AMD supposedly has plans to release a true hybrid in 2015. :) http://www.xbitlabs.com/news/cpu/di...tion_of_AMD_Fusion_Chips_Due_in_2015_AMD.html
 

Tharic-Nar

Senior Editor
Staff member
Moderator
Indeed, think I made the comparison a while ago, as have others, GPU integration is just another logical step. First there were CPU’s as integer processors, later came dedicated FPU’s, the FPU’s were then integrated into the CPU. Graphics demanded massive parallel processing, 3D graphics requires floating point operations for efficiency, making GPU’s massively parallel FPU’s. GPU’s get bigger and better, then smaller and smaller, and now they’re being fitted back into the CPU again.

Dedicated cards aren’t going anywhere though, you simply can’t fit both a full CPU (even if it’s cut back to remove duplication) and a full GPU on the same chip, with the accompanying memory while having it operate at a sane temperature. Having shared memory has it’s advantages, but that means you can still thrash the memory controller with specific tasks, starving other operations, etc, etc, it’s swings and roundabouts.

Dedicated Graphics cards will probably have two major purposes in 5 years time – High end Gaming and HPC, both will probably carry the appropriate price premium.

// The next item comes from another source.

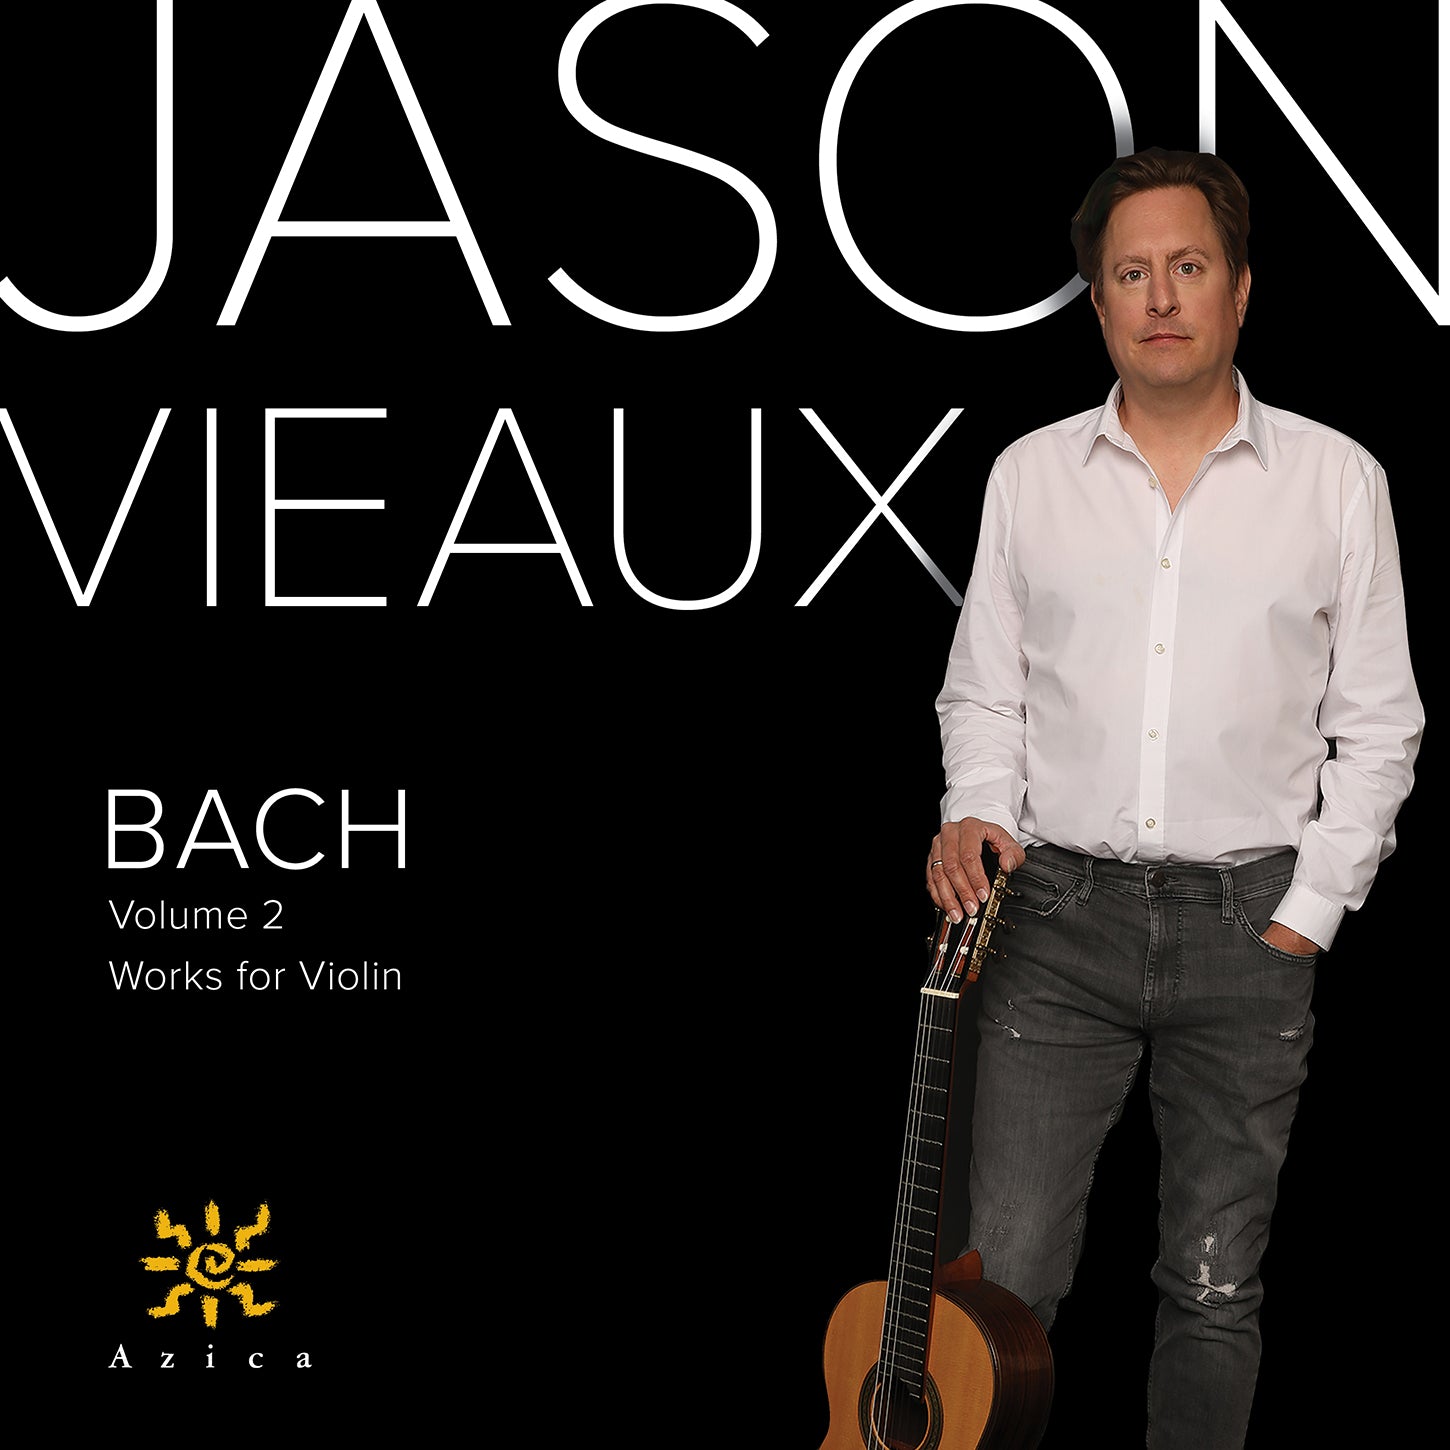 Bach: Works for Violin, Vol. 2 / Vieaux

For everyone else, e.g mainstream, integrated graphics will probably be able to handle 90% of the games out there, since by that time, most will be console ports. Games consoles will be due a hardware refresh by that time, they get released, new graphics, pushes the envelope, demand for dedicated PC gaming cards increases, and the cycle starts again. Services like on-live might take off by then, but I seriously doubt that the state of the worldwide Internet infrastructure would have significantly changed by then, since those services are dictated by latency, not bandwidth, and latency rarely changes at all.

I guess we should stop calling them graphics cards as well - AMD started to call them APU's or Application Processing Units or something, but I believe that was in regard to their Fusion chips.

If there wasn’t a demand for dedicated hardware, we wouldn’t have Creative, Asus and Auzentech releasing dedicated soundcards after all these years of integrated audio.